Chlorethylclonidine (CEC) inactivation has been used as one criterion to subclassify the alpha1-adrenoceptors (AR); however, the extent of CEC inactivation can vary depending on the CEC treatment. By constructing the FLAG-tagged (N-terminus) and green fluorescent protein (GFP)-fused (C-terminus) alpha1-ARs, we have determined the relationship between CEC sensitivity and the cellular localization of alpha1-AR subtypes using COS-7 cells. In GFP-expressing cells, flow cytometry analysis with anti-FLAG N-terminus antibody detected strong fluorescent signals in most of alpha1B-AR-expressing cells, but low signals in alpha1A-AR-expressing cells. Further examination with confocal microscopy showed that fluorescent signals densely localized intra-cellularly in alpha1A-AR-expressing cells, while most of alpha1B-AR localized on the cell surface. Furthermore, radioligand binding studies with [125I]HEAT showed that CEC (10 microM) treatment of intact cells inactivated approximately 30-40% of alpha1A-AR and >90% of alpha1B-AR, while the CEC treatment of membrane preparations resulted in >80% decrease in the alpha1A-AR density and >90% of alpha1B-AR density, respectively. The results showed that the hydrophilic alkylating agent CEC inactivated only alpha1-AR on the cell surface irrespective of its subtype, and that the subtype-specific sorting is a major determinant for CEC inactivation of alpha1-AR. Subtype-specific cellular localization suggests a new class of functional properties that may explain the signal and functional diversity of homologous alpha1-AR (as well as other G protein-coupled receptors) subtypes.

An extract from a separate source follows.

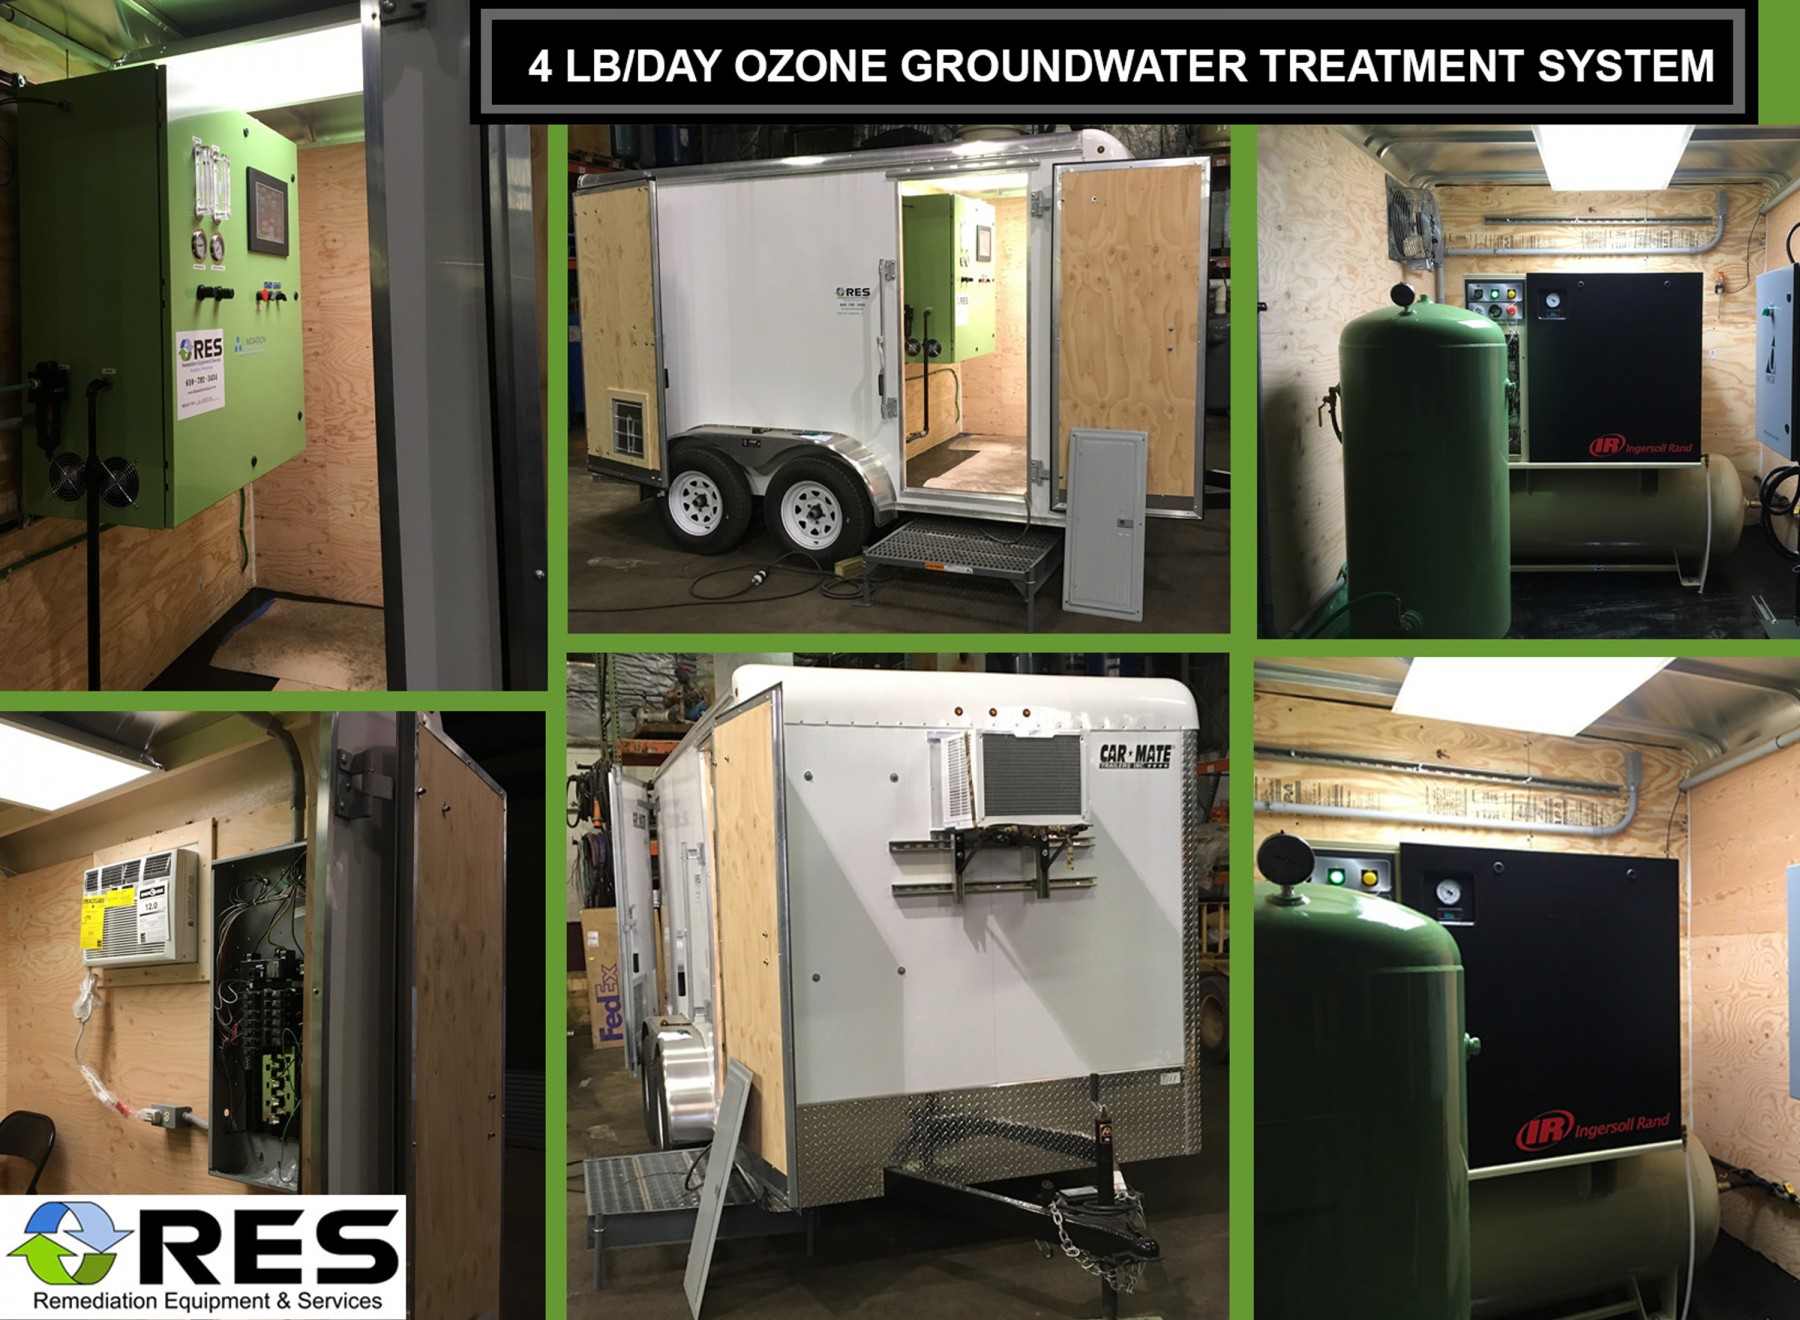 ORK-4 Ozone System installed in trailer by RES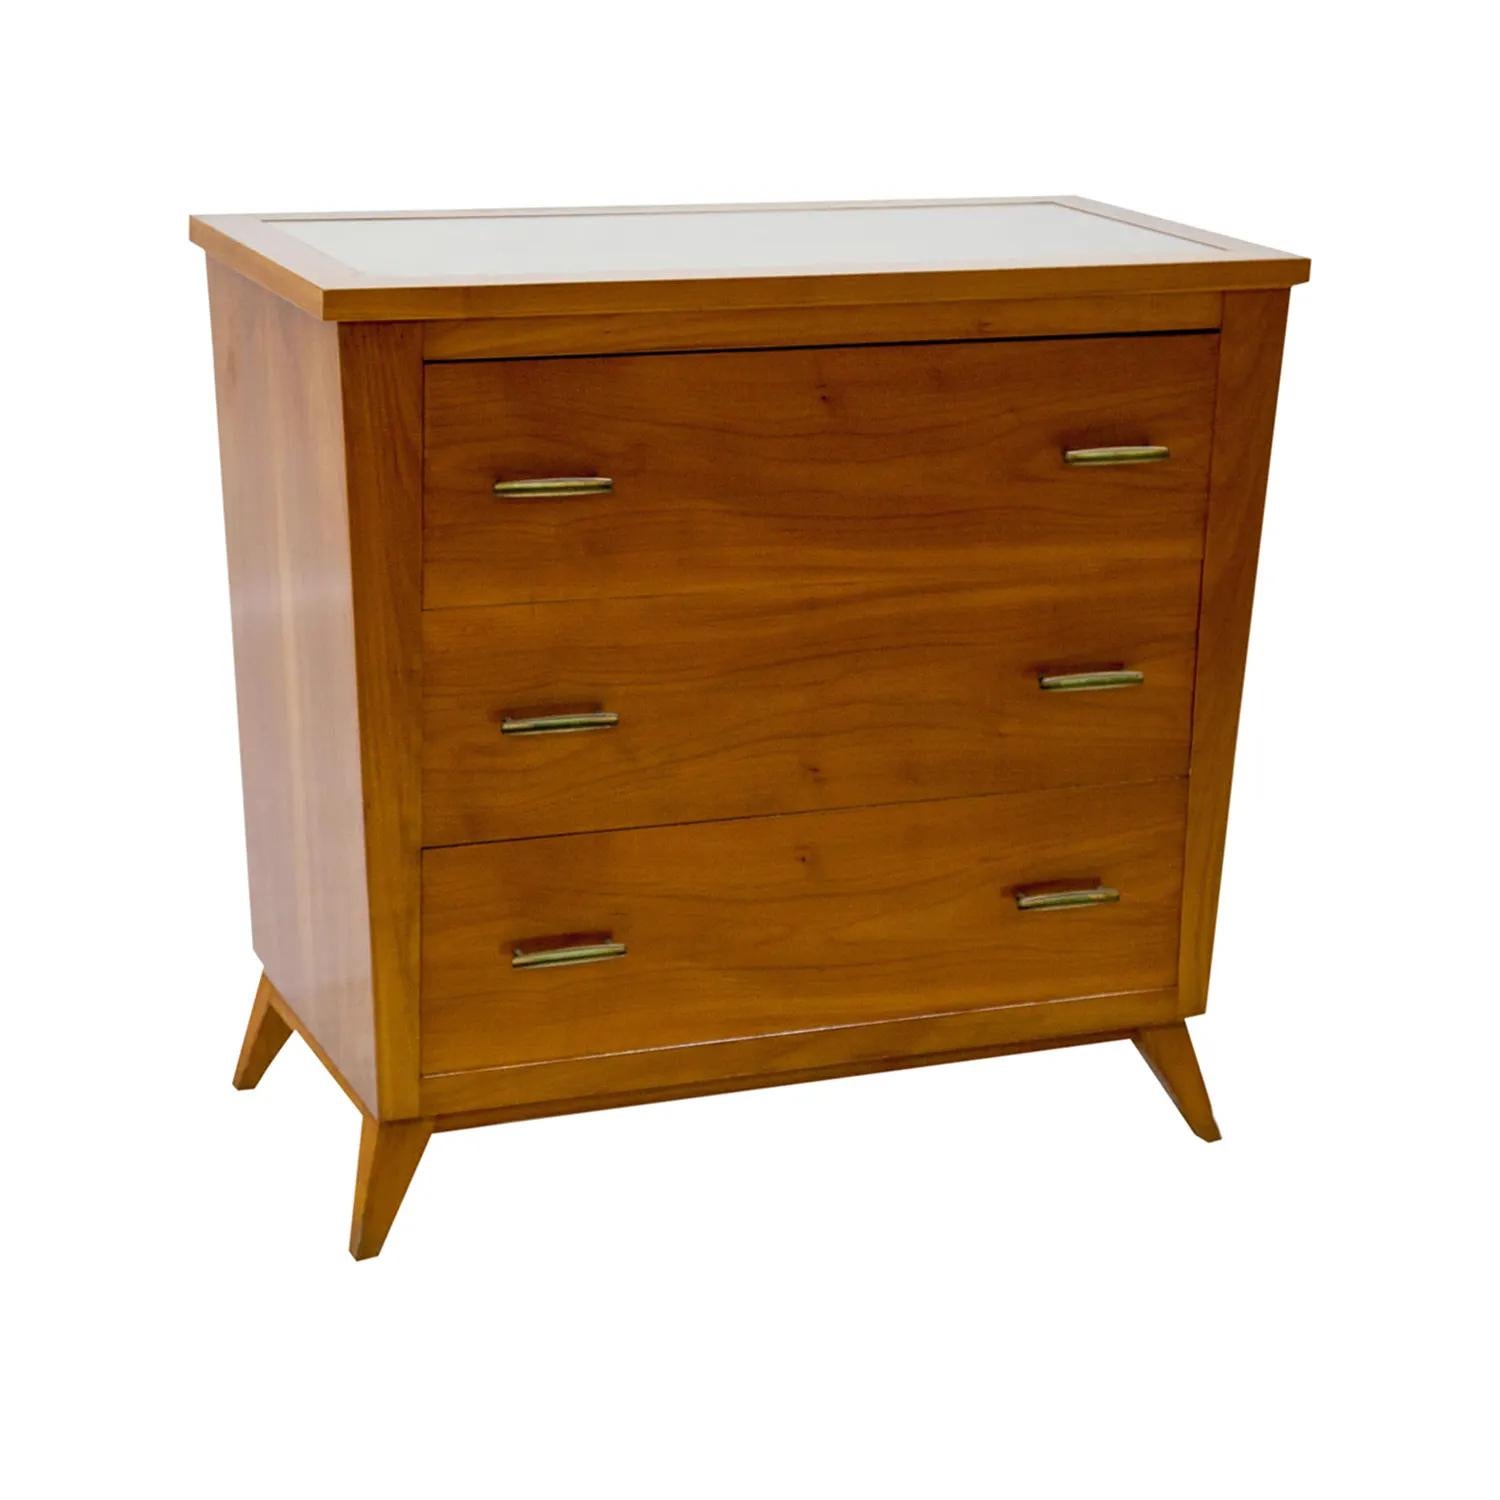 A light-brown, vintage Mid-Century Modern Italian chest with a trapezoidal body and an imbedded glass top, made of hand carved veneered Cherrywood in good condition. The small rectangular cabinet, cupboard is composed with three drawers, consisting

机译:氯乙基可乐定(CEC)失活已被用作对α1-肾上腺素能受体(AR)进行亚分类的标准。但是,CEC灭活的程度可能会因CEC治疗而异。通过构建标记FLAG(N末端)和绿色荧光蛋白(GFP)融合(C末端)的alpha1-ARs,我们已经确定了COS-7使用COS-7的CEC敏感性与alpha1-AR亚型细胞定位之间的关系。细胞。在表达GFP的细胞中,用抗FLAG N末端抗体进行的流式细胞仪分析在大多数表达alpha1B-AR的细胞中检测到强荧光信号,但是在表达alpha1A-AR的细胞中检测到低信号。共聚焦显微镜的进一步检查表明,荧光信号密集地定位在表达α1A-AR的细胞内,而大多数α1B-AR则定位在细胞表面。此外,用[125I] HEAT进行的放射性配体结合研究表明,完整细胞的CEC(10 microM)处理可灭活约30-40%的alpha1A-AR和> 90%的alpha1B-AR,而膜制剂的CEC处理可导致> alpha1A-AR密度分别降低了80%,而alpha1B-AR密度则降低了90%以上。结果表明,亲水性烷基化剂CEC不管其亚型都仅使细胞表面的alpha1-AR失活,并且亚型特异性分选是α1-AR的CEC失活的主要决定因素。亚型特异性细胞定位表明一类新的功能特性,可以解释同源的α1-AR(以及其他G蛋白偶联受体)亚型的信号和功能多样性。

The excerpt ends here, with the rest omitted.